MATERIALS AND METHODS
Whole-genome polymorphism discovery. (i) Whole-genome mapping.
Whole-genome maps of representative Nepal-4 (VC14 and VC26), Nepal-3 (VC18), and Nepal-2 (VC6) strains were generated in support of the comparative genome analysis of the draft assemblies of the Nepalese isolates. Optical mapping facilitated the discovery of structural polymorphisms in the genome architectures compared to Haitian O1 outbreak strains (maps HC20A2 and HC46A1) (see Table S1, Fig. S4, and Fig. S5 in the supplemental material). Maps were prepared by OpGen, Gaithersburg, MD, USA. Briefly, following gentle lysis and dilution, high-molecular-mass genomic DNA molecules were spread and immobilized on derivatized glass slides and digested with NheI. The DNA digestions were stained with YOYO-1 fluorescent dye and photographed using a fluorescence microscope interfaced with a digital camera. Automated image analysis software located, sized, and assembled the fragments from multiple scans into whole-chromosome whole-genome maps.
(ii) SNP discovery.
The genomes of all strains listed in Table S1 in the supplemental material were subjected to SNP discovery. SNPs were identified both from discovery in assembled contigs and/or read-based discovery using strain N16961 as a reference. The Nepalese sequence reads deposited in the SRA archive were assembled to allow for contig-based discovery. The SNP discovery and verification pipelines are implemented in the Ergatis framework. Ergatis (3) is an open-source, web tool that is used to create, run, and monitor reusable computational analysis pipelines (http://ergatis.sourceforge.net). Ergatis is built on Workflow (4), an extensible markup language (XML)-based pipelining system. Ergatis allows the development of distributed pipelines to be run across a computational grid easily and efficiently. Software to support conversion of output formats has been developed within the Ergatis framework. Genomic regions with identities of more than 98% on chromosomes I and II were excluded, and regions that were not conserved among strains were also excluded from further analysis. The resulting SNP data set is then converted to standard variant output format (variant call format [VCF]) for further phylogenomic analysis.

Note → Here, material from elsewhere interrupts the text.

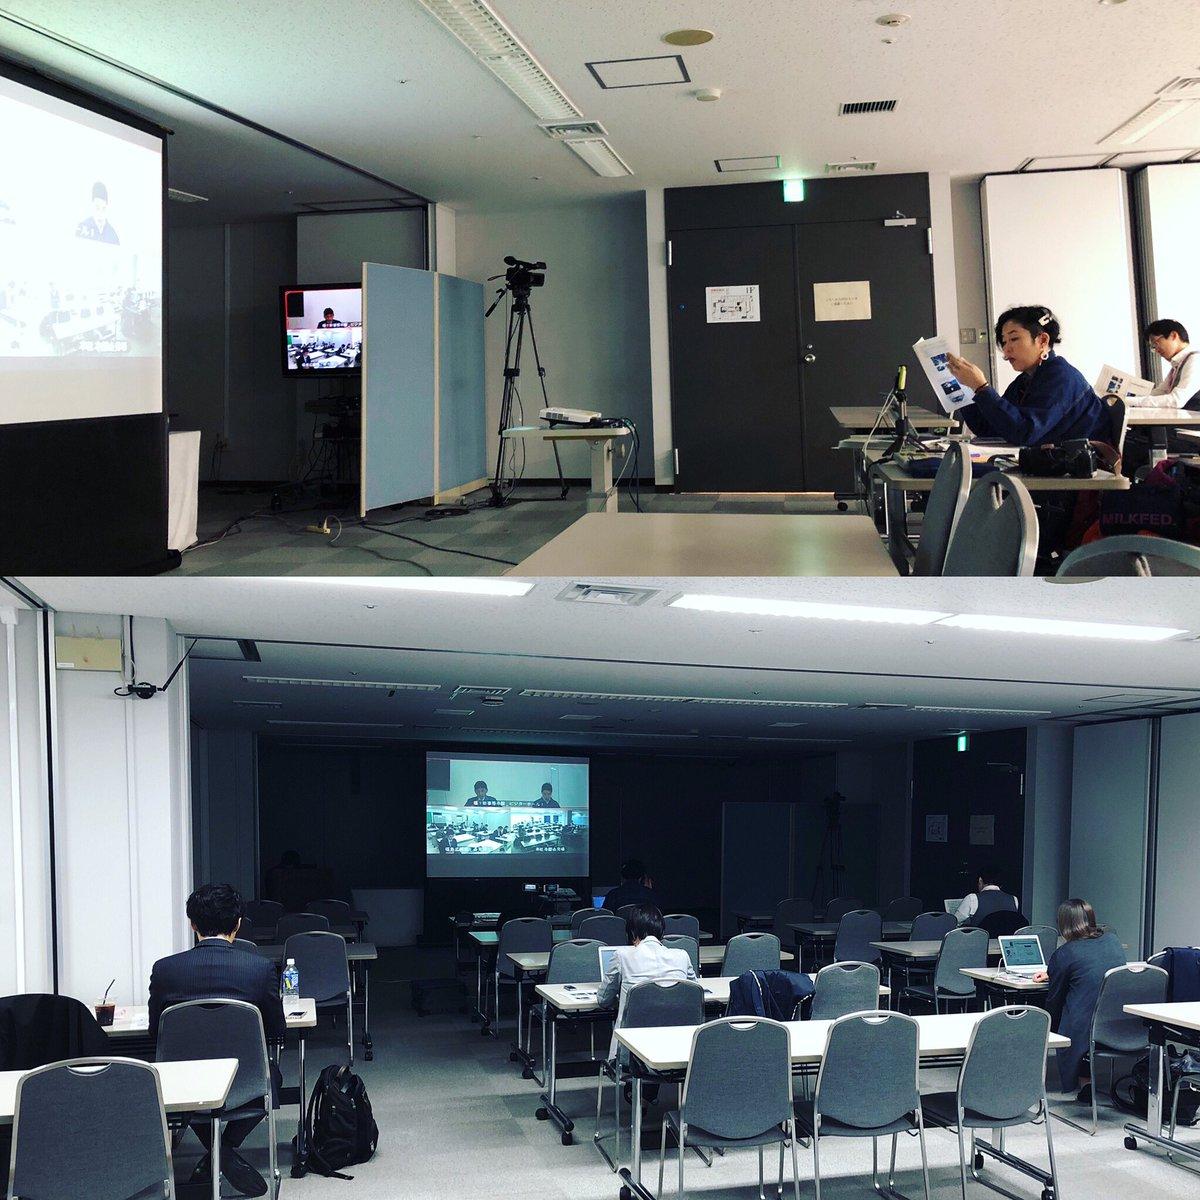 東京電力定例会見、始まってます。中継どうぞご覧ください!後半には、マコちゃんの質問もございます!ツイキャスペリスコープ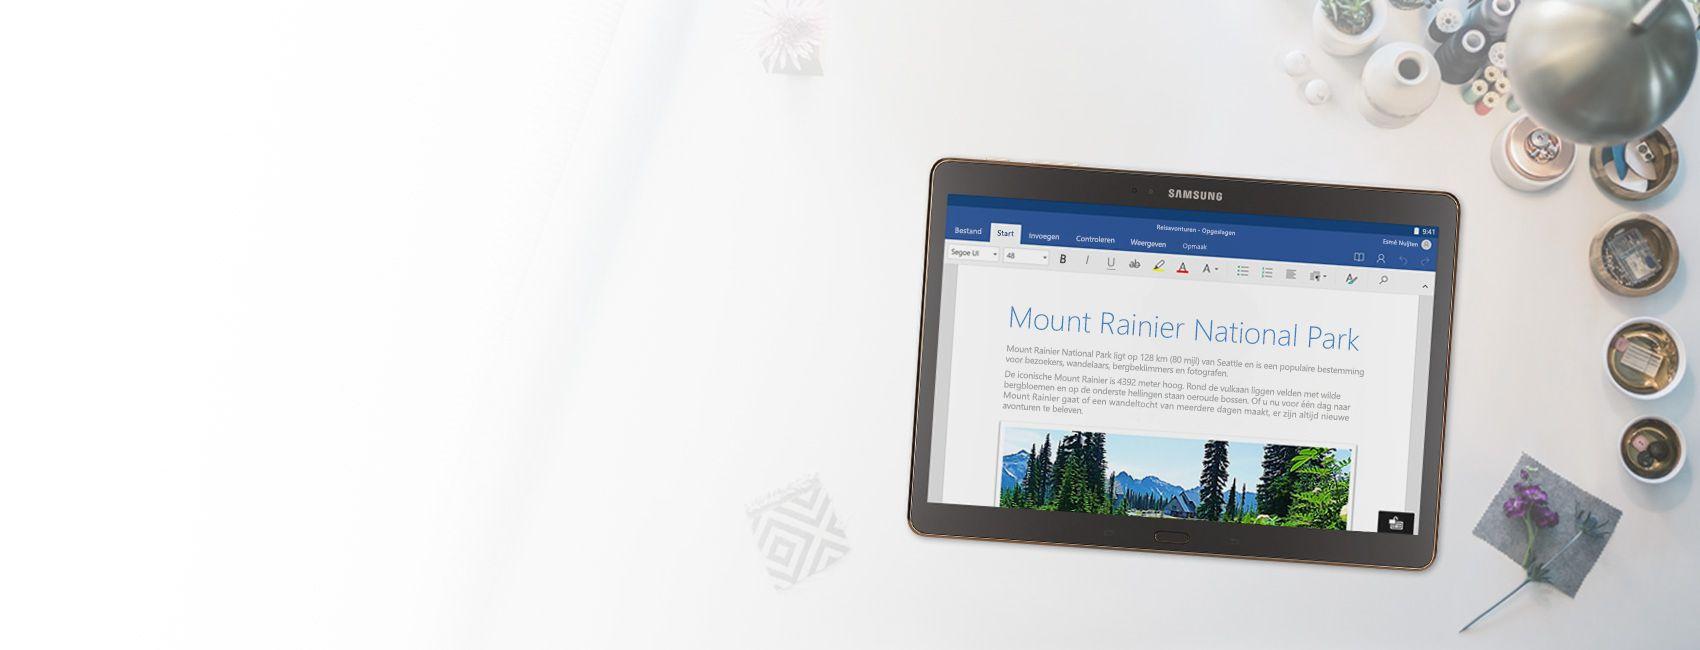 Een tablet met een Word-document over Mount Rainier National Park

(iii) Contig-based SNP discovery.
The contig-based discovery module uses (i) nucmer, delta-filter and show-snps distributed with the Mummer package for reference-based SNP discovery with a minimum alignment threshold of >90%; and (ii) kSNP, a k-mer algorithm analysis using suffix arrays without the need of prior sequence alignment (22).
(iv) Read-based SNP discovery.
The read-based discovery module uses (i) the Java-based NGS variant calling tool SolSNP (http://solsnp.sourceforge.net/) that deploys Kolmogorov-Smirnov statistic and data filtering to call variants on high-coverage aligned genomes (7) and (ii) Burrows-Wheeler Aligner (BWA) for efficient gapped alignment algorithm for short-read alignments (<200 bp; bwa-short) and long-read alignments (bwa-sw) (23, 24). Alignments are sorted and manipulated with Picard, a Java-based set of utilities (http://picard.sourceforge.net), and SAMtools have been used for SNP discovery (25). After BWA alignment and sorting with Picard tools, positions with a minimum base quality and mapping quality of 20 were extracted and called only when 9 out of 10 bases showed the variant base with a minimum of 10× coverage.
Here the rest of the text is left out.